■ About this exercise
Omit the images, then repeat the listing exactly.

■ Given information
===============

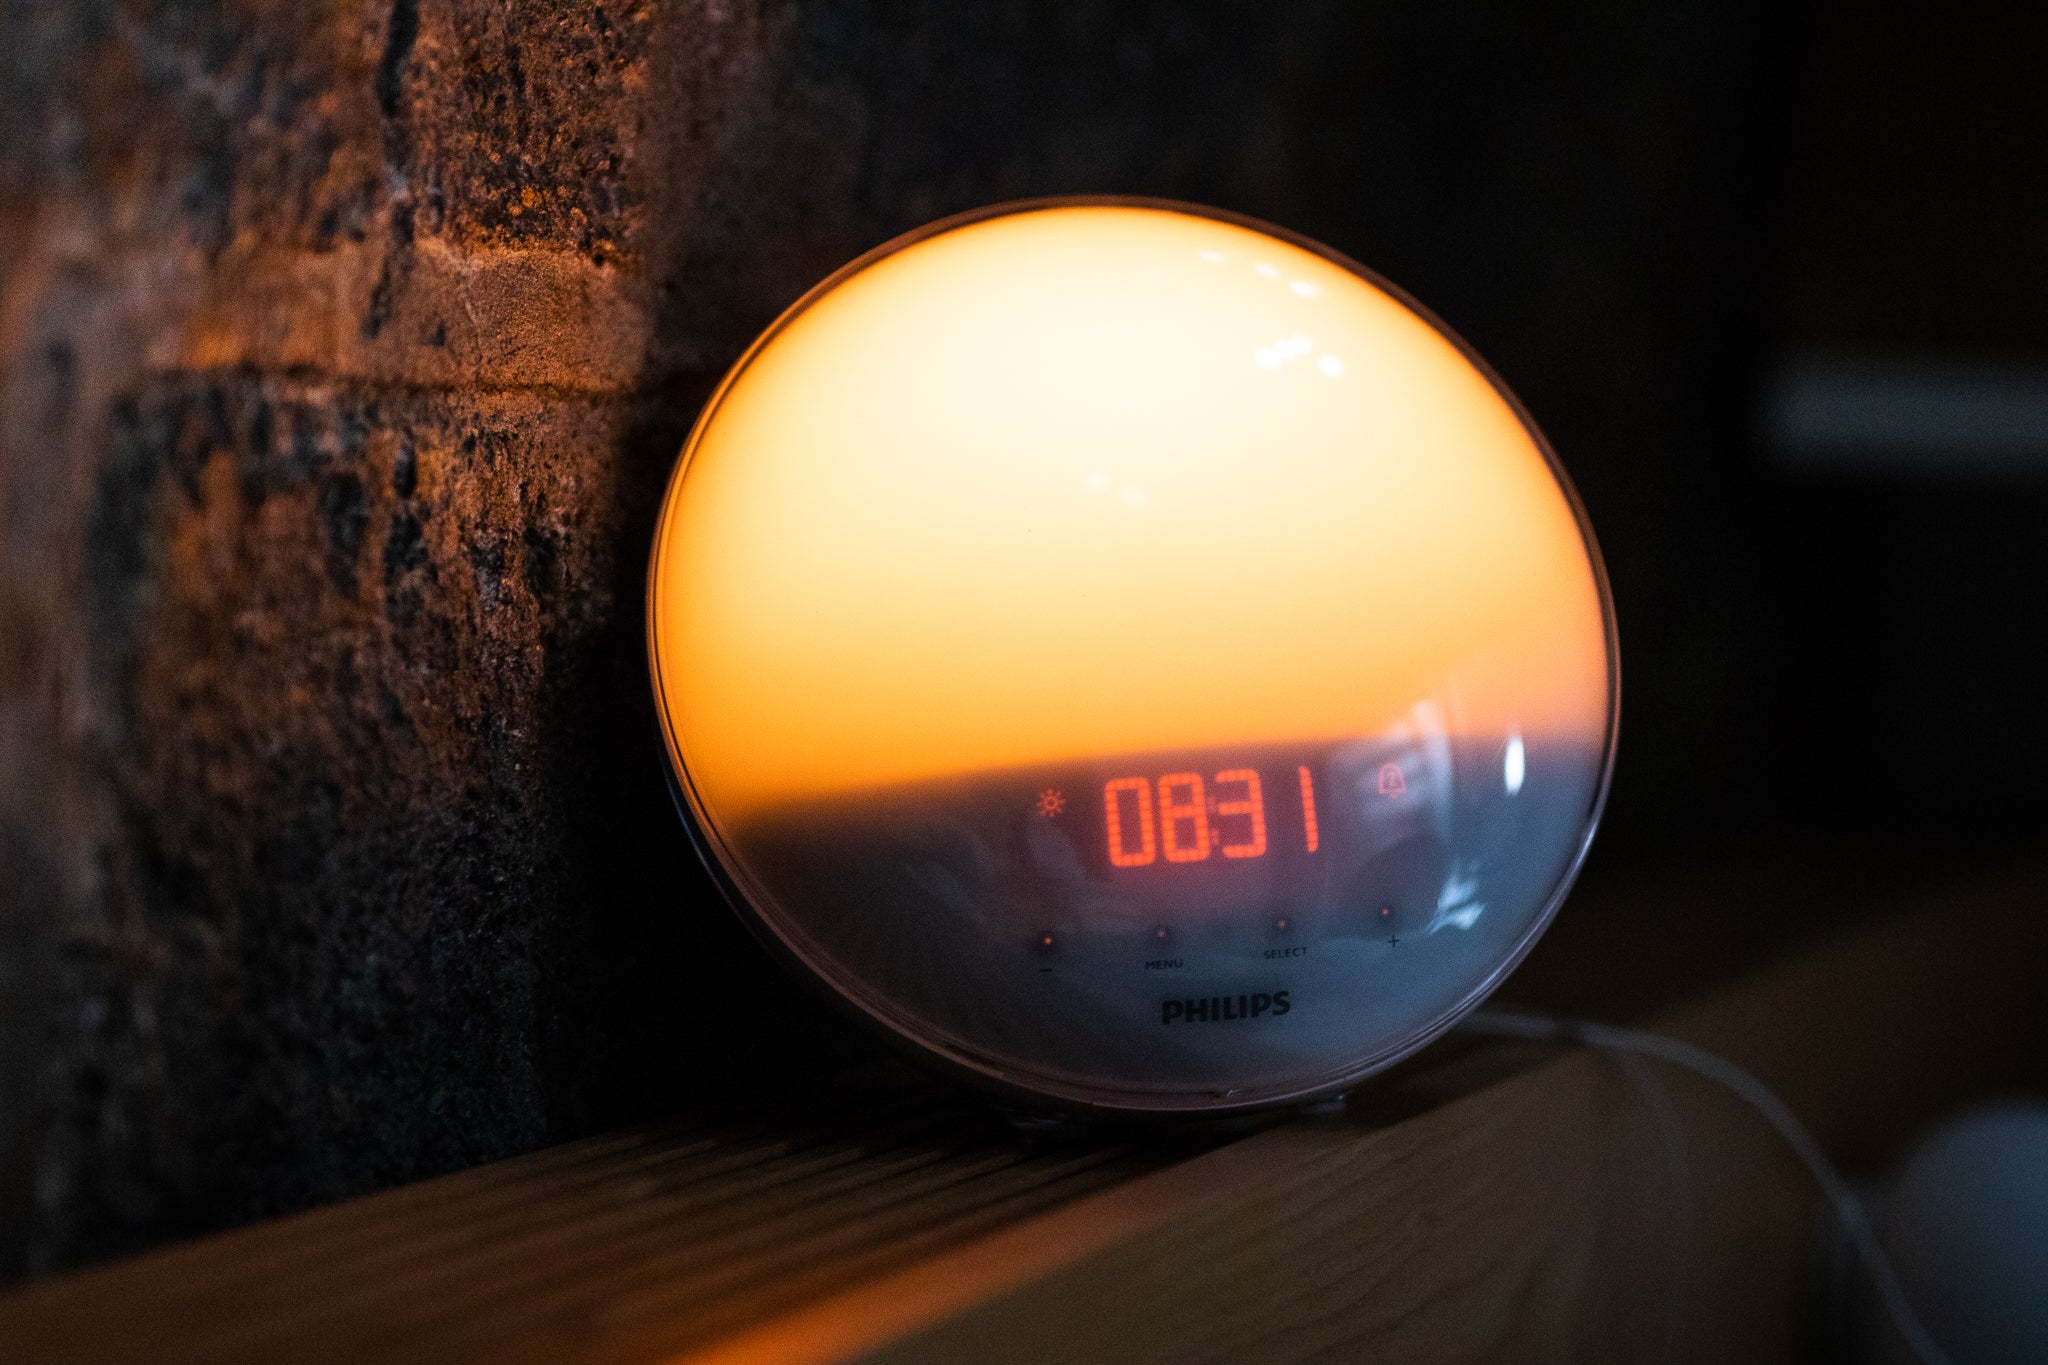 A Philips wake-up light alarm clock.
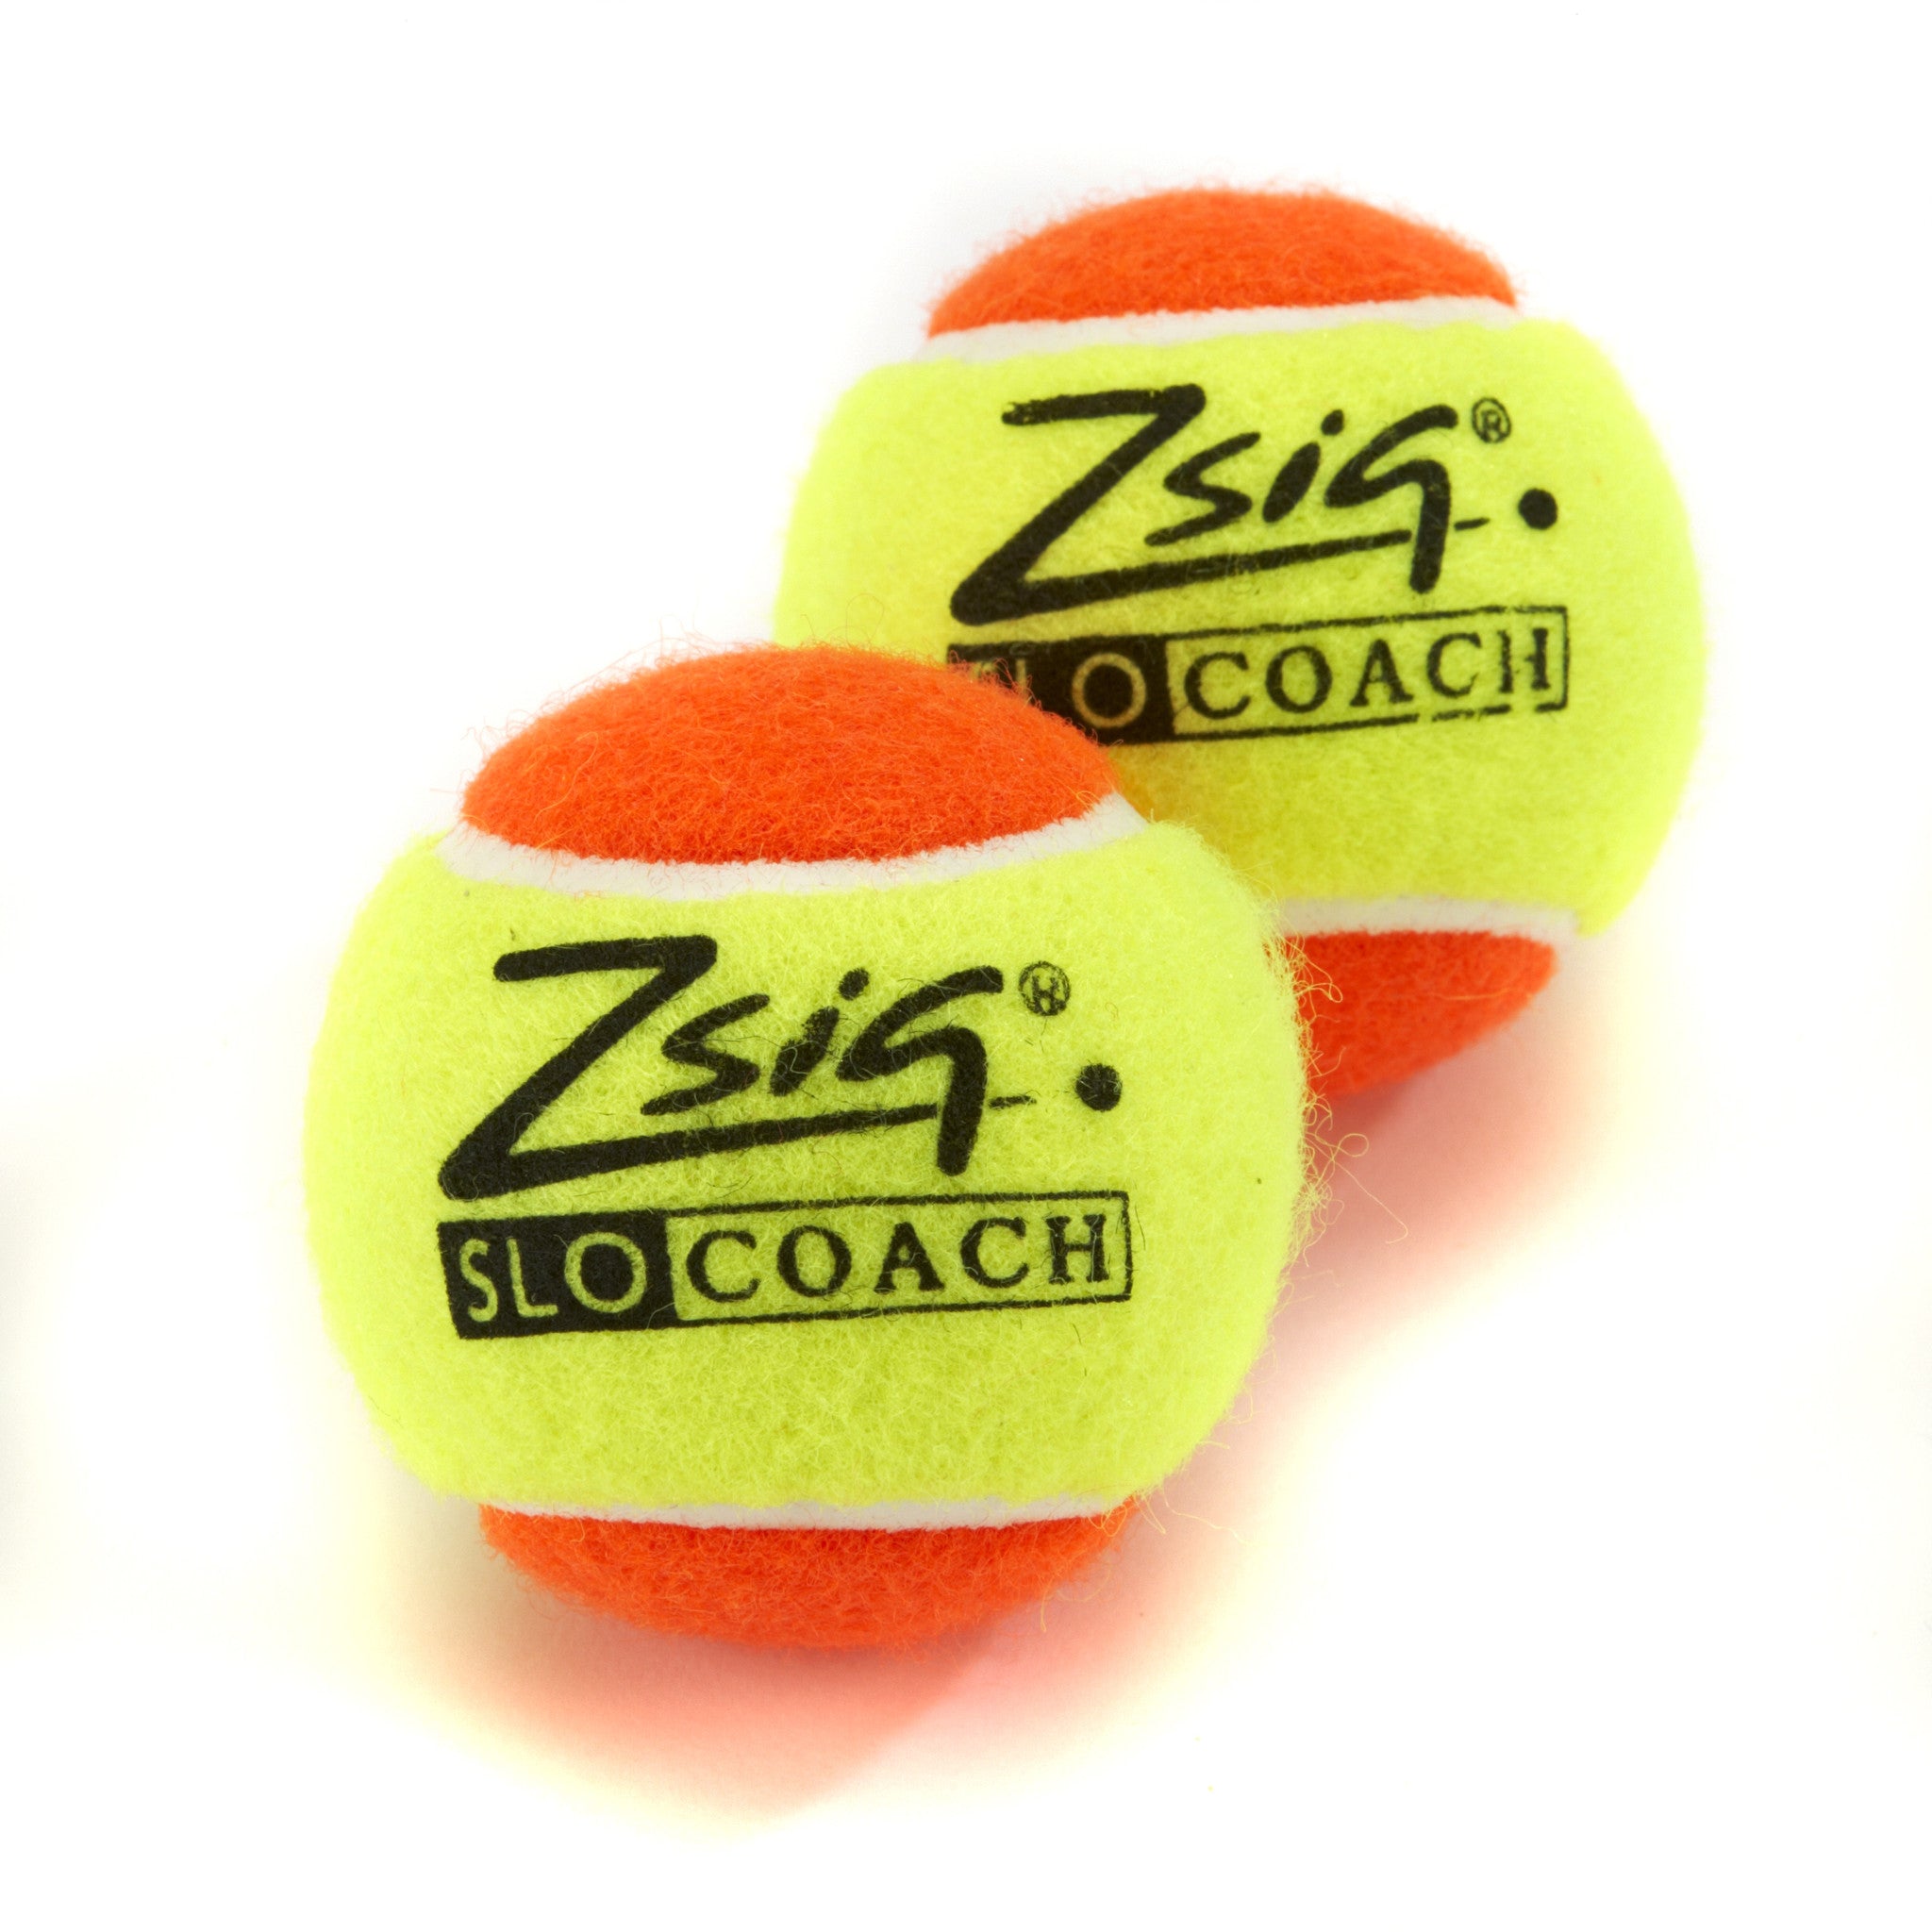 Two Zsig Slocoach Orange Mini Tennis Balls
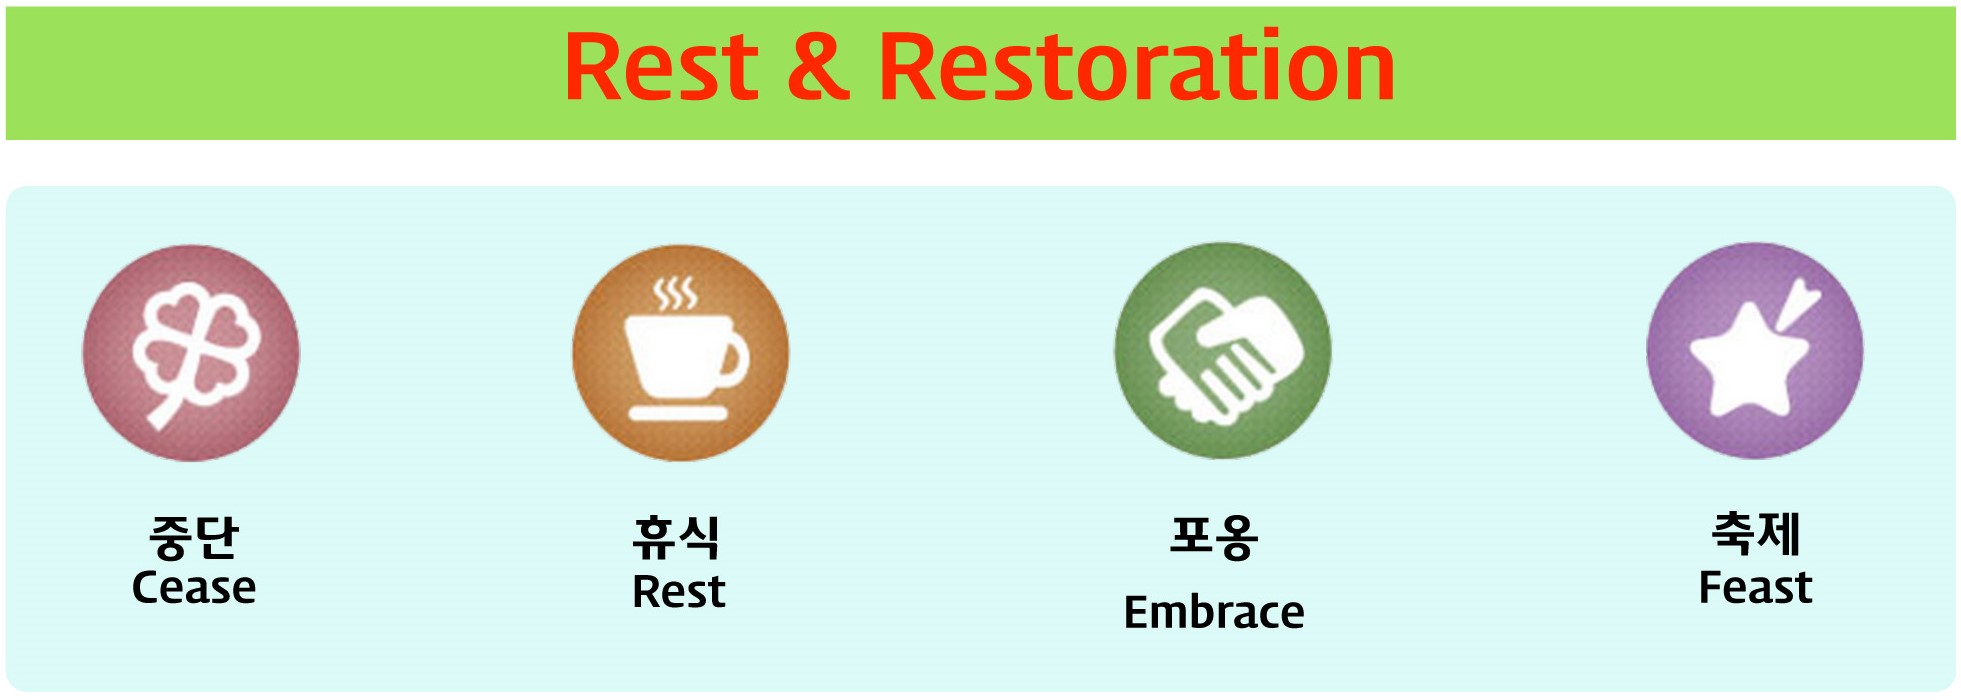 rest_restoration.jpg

===============

■ Result
 A Philips wake-up light alarm clock.
 Two Zsig Slocoach Orange Mini Tennis Balls
 rest_restoration.jpg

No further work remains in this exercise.